■ Given information ■
┌──
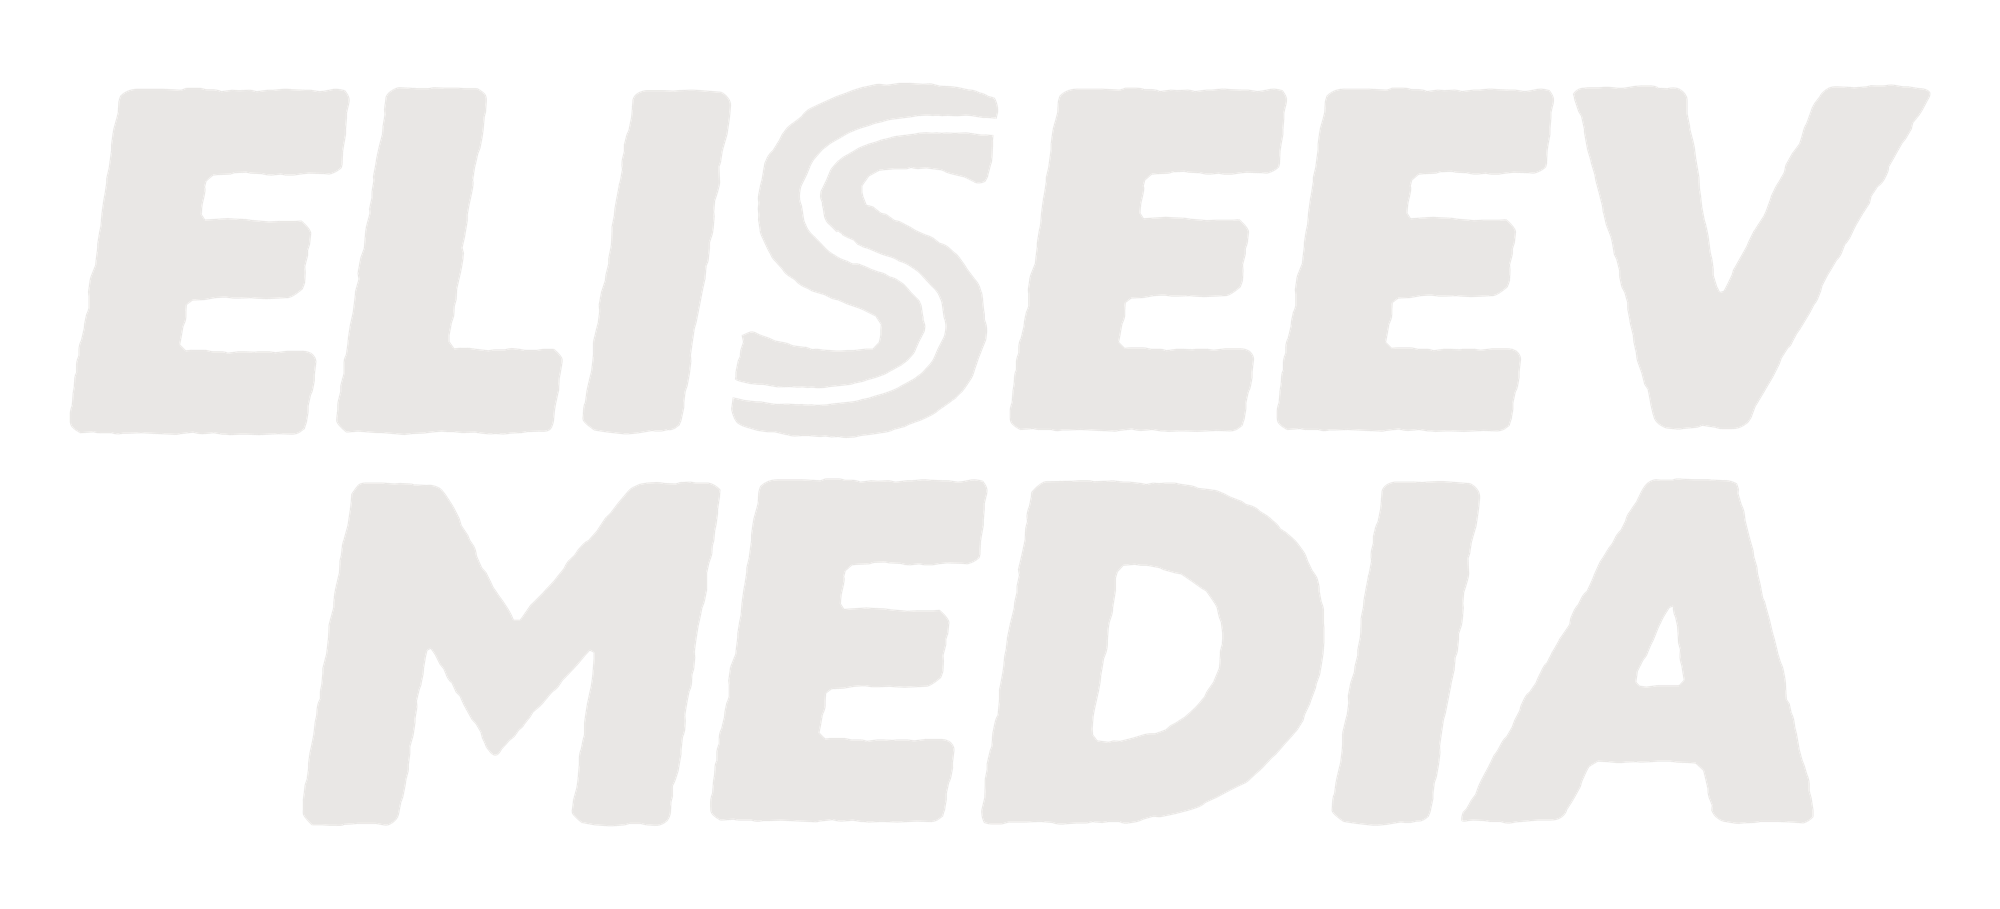 Eliseev Media
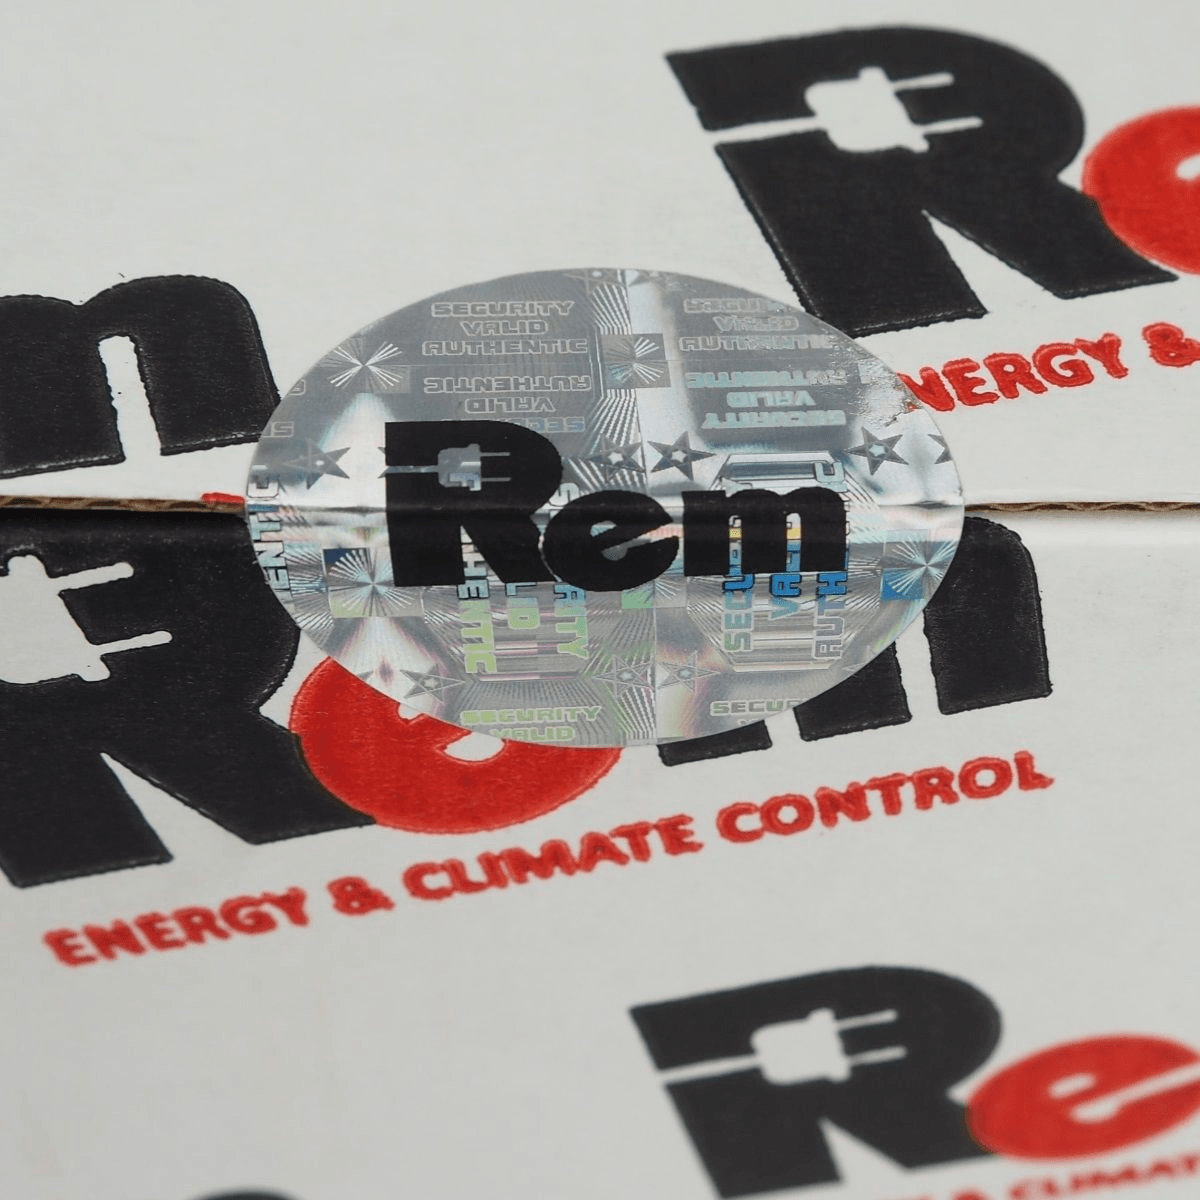 Блок розеток Rem-10 без шнура с инд., 4 Sсhuko, вход IEC 60320 C14, 10A, алюм., 10" от ЦМО
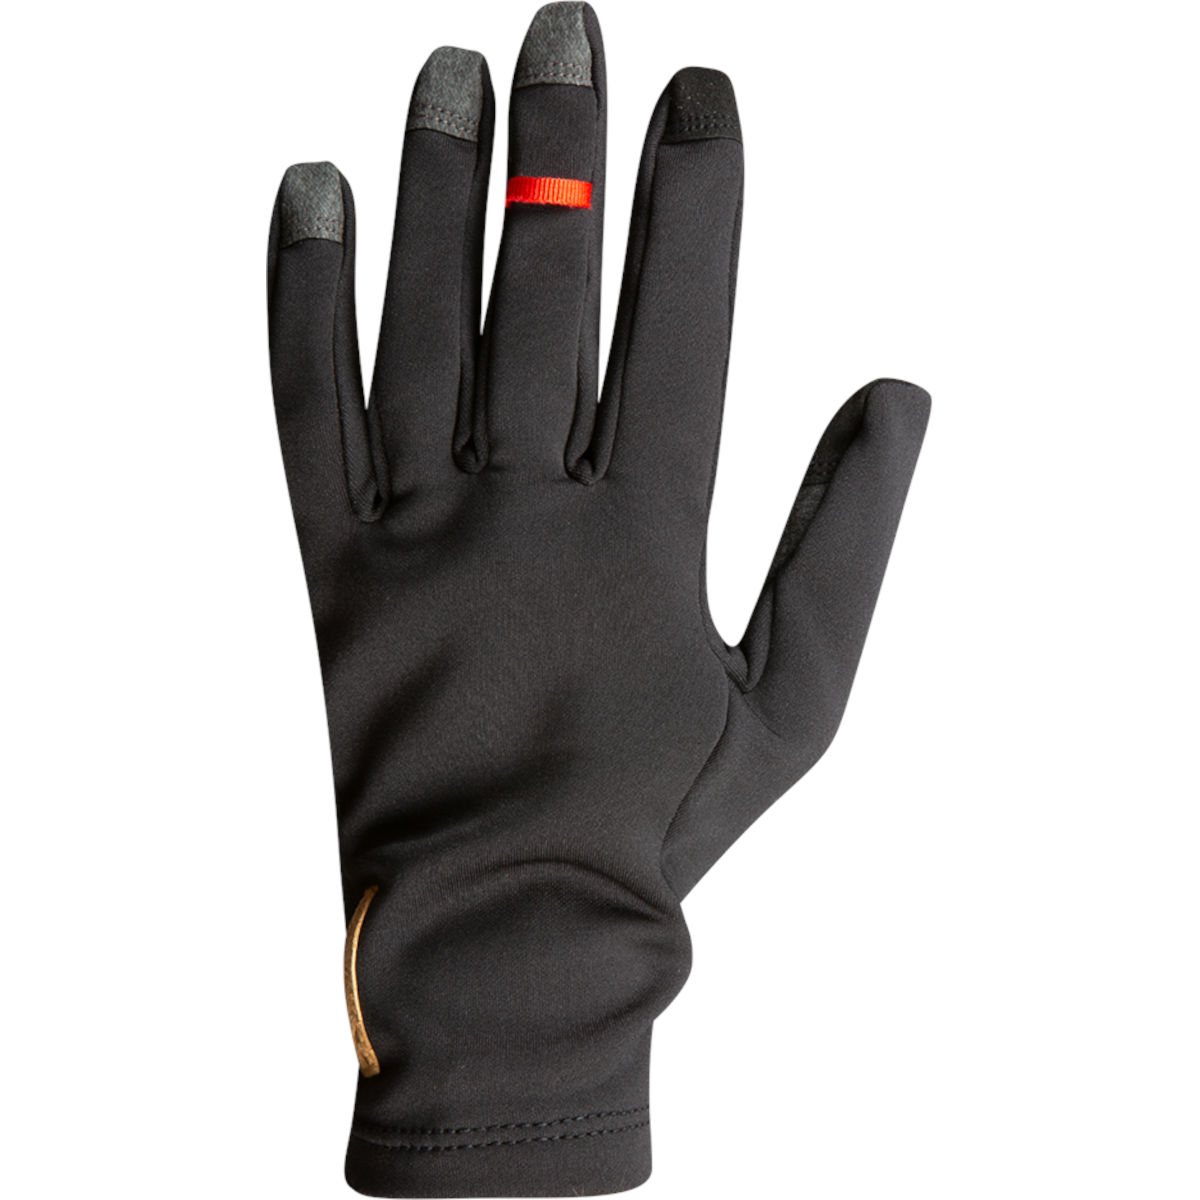 Produktbild von PEARL iZUMi Thermal Handschuhe 14142008 - schwarz - 021
└──
■ Work item ■
Write out again every line above exactly as given; the pictures do not belong in the copy.

■ Exercise output ■
 Eliseev Media
 Блок розеток Rem-10 без шнура с инд., 4 Sсhuko, вход IEC 60320 C14, 10A, алюм., 10" от ЦМО
 Produktbild von PEARL iZUMi Thermal Handschuhe 14142008 - schwarz - 021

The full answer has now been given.